**TASK MATERIAL:**
────────────────

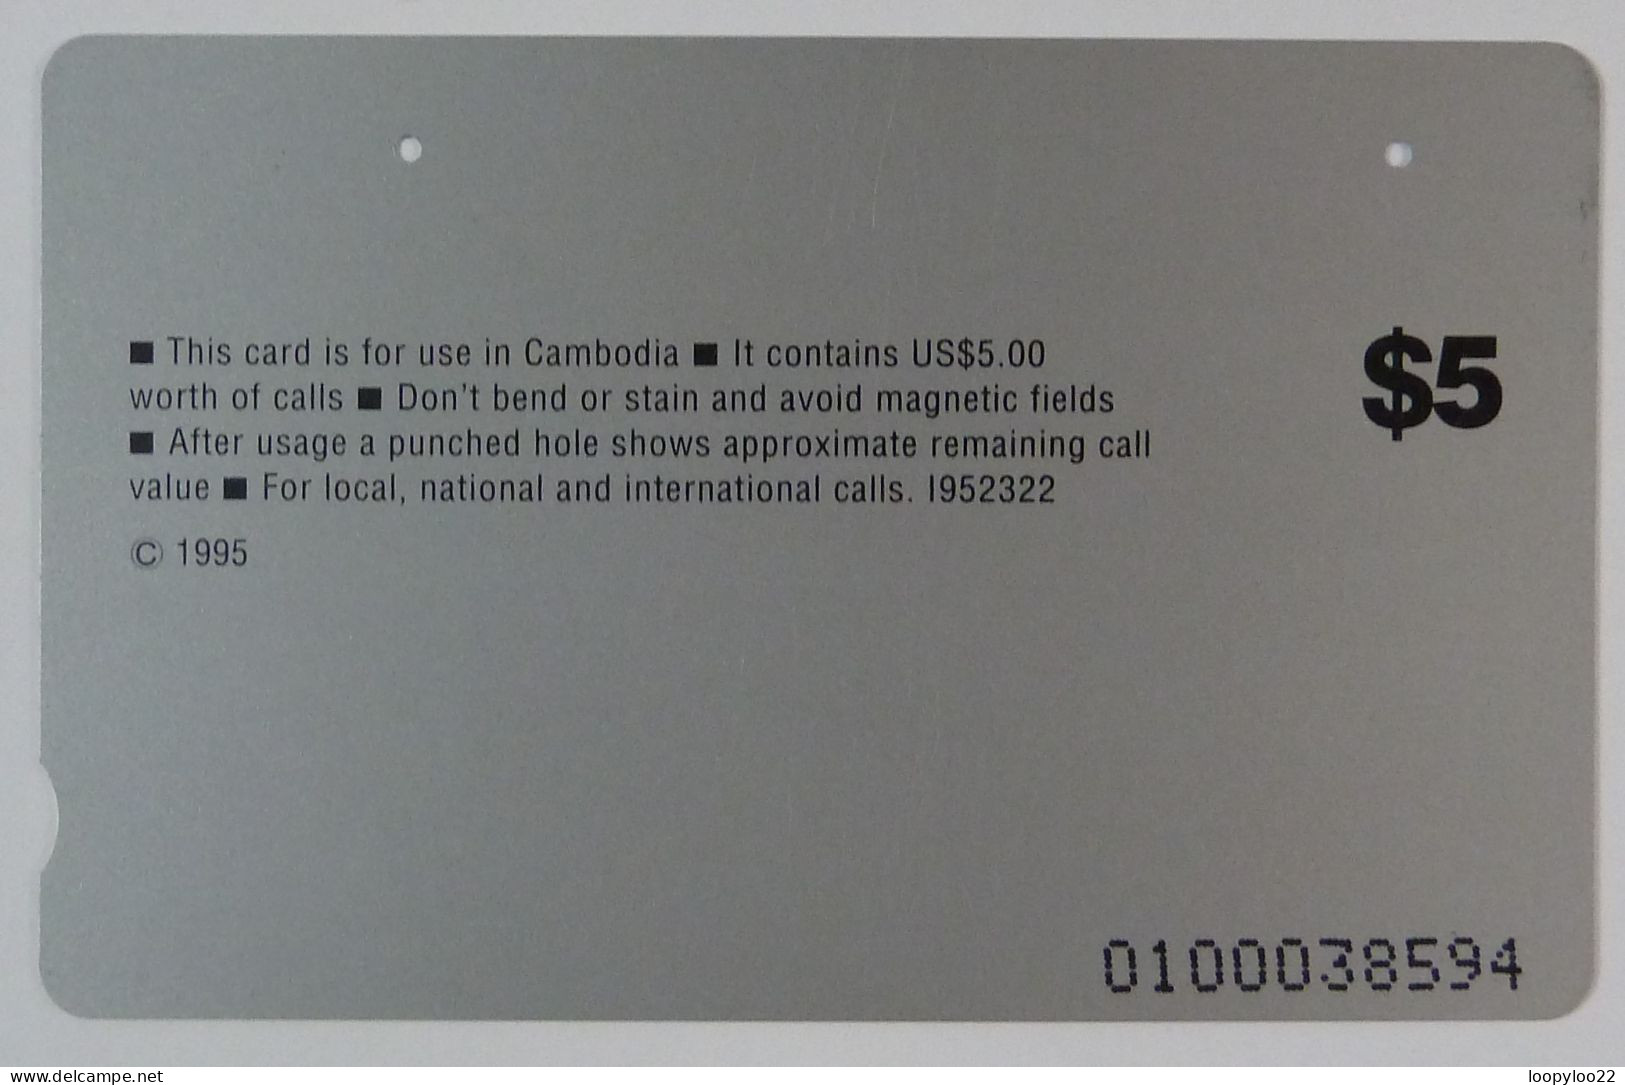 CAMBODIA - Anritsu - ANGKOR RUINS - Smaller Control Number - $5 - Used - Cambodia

────────────────

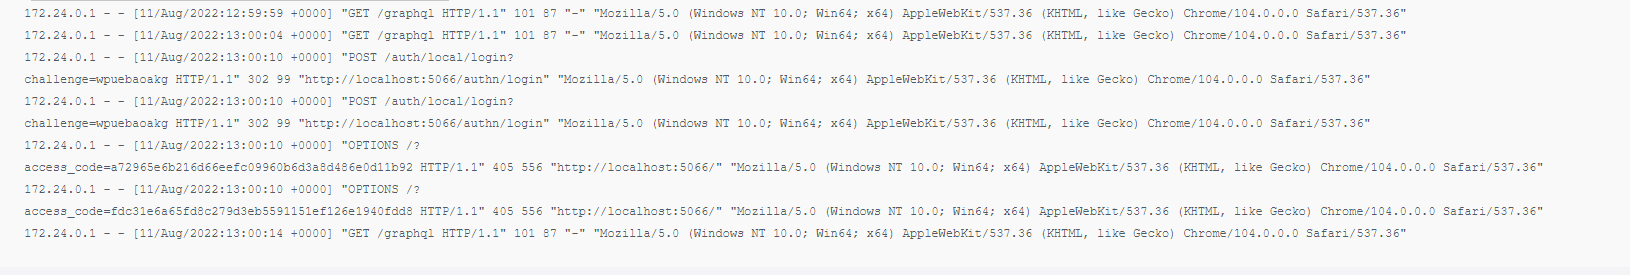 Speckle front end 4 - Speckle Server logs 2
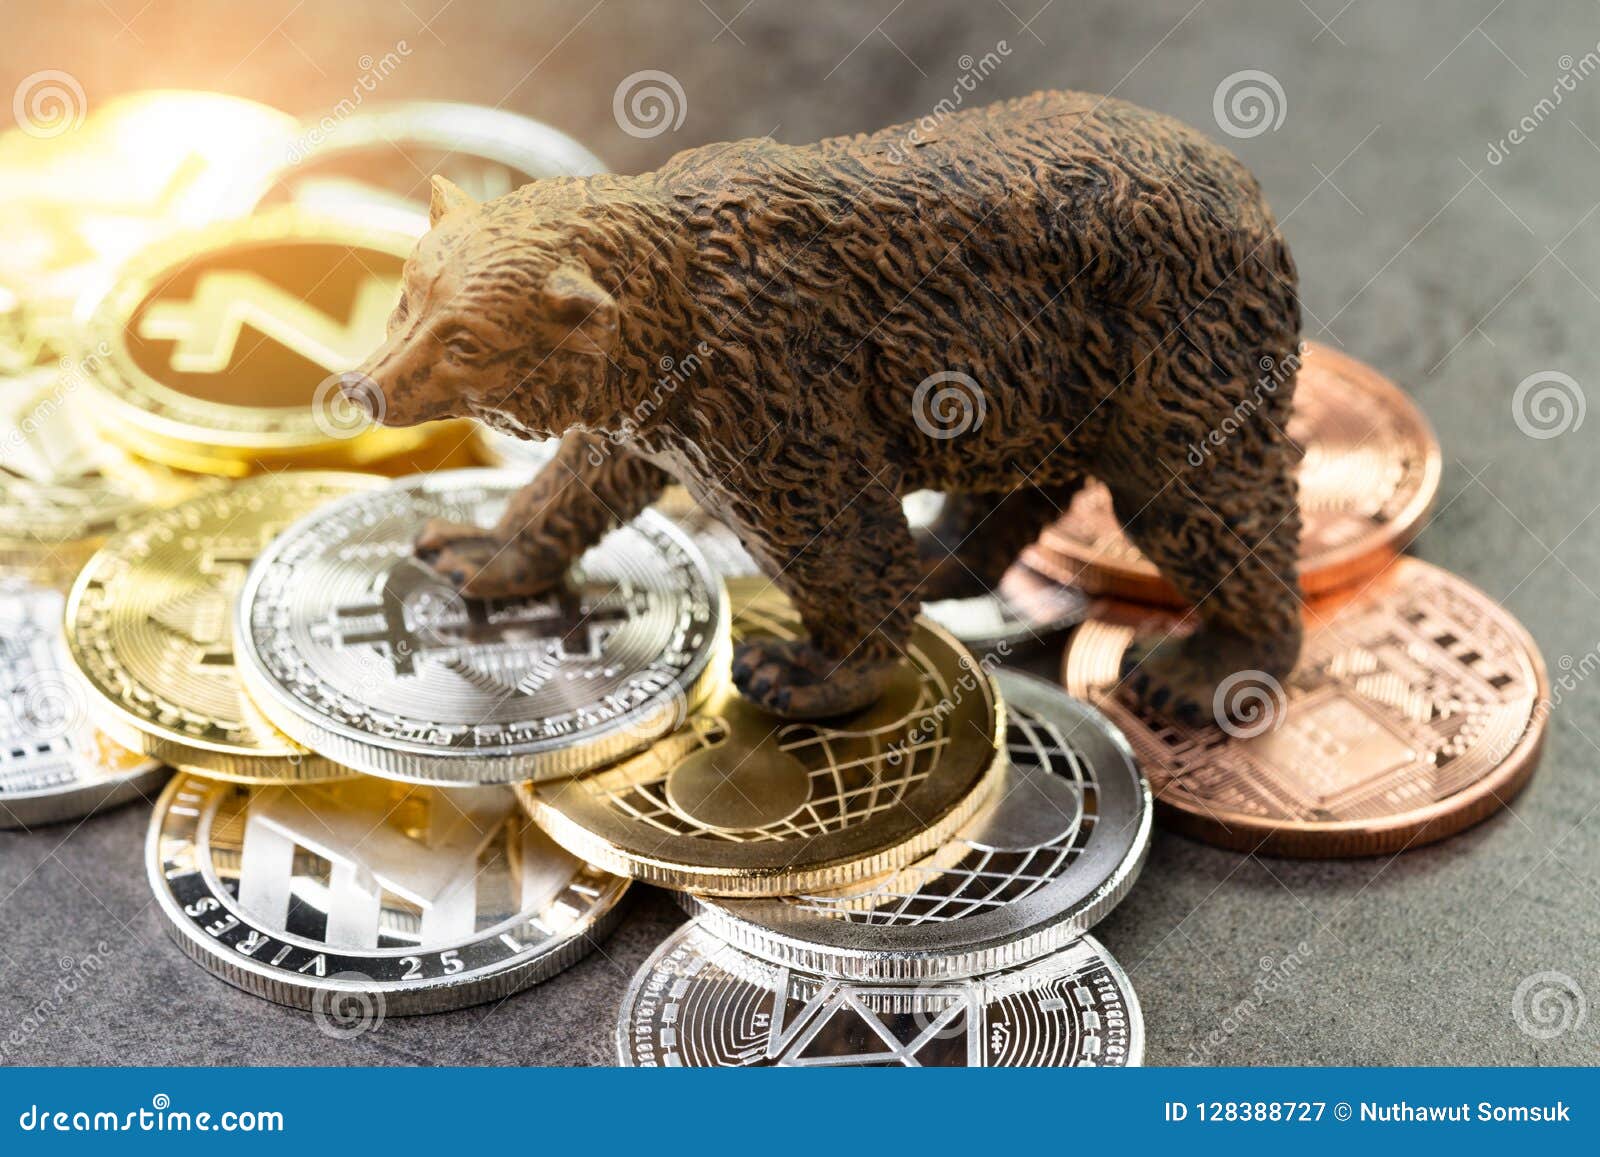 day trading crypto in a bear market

────────────────

**AIM OF THE TASK:** All that is wanted is the lines above between the one containing "Speckle front end 4 - Speckle Server logs 2" and the one containing "day trading crypto in a bear market", inclusive, restated word for word, with pictures omitted.

**WRITTEN RESPONSE:**
 Speckle front end 4 - Speckle Server logs 2
 day trading crypto in a bear market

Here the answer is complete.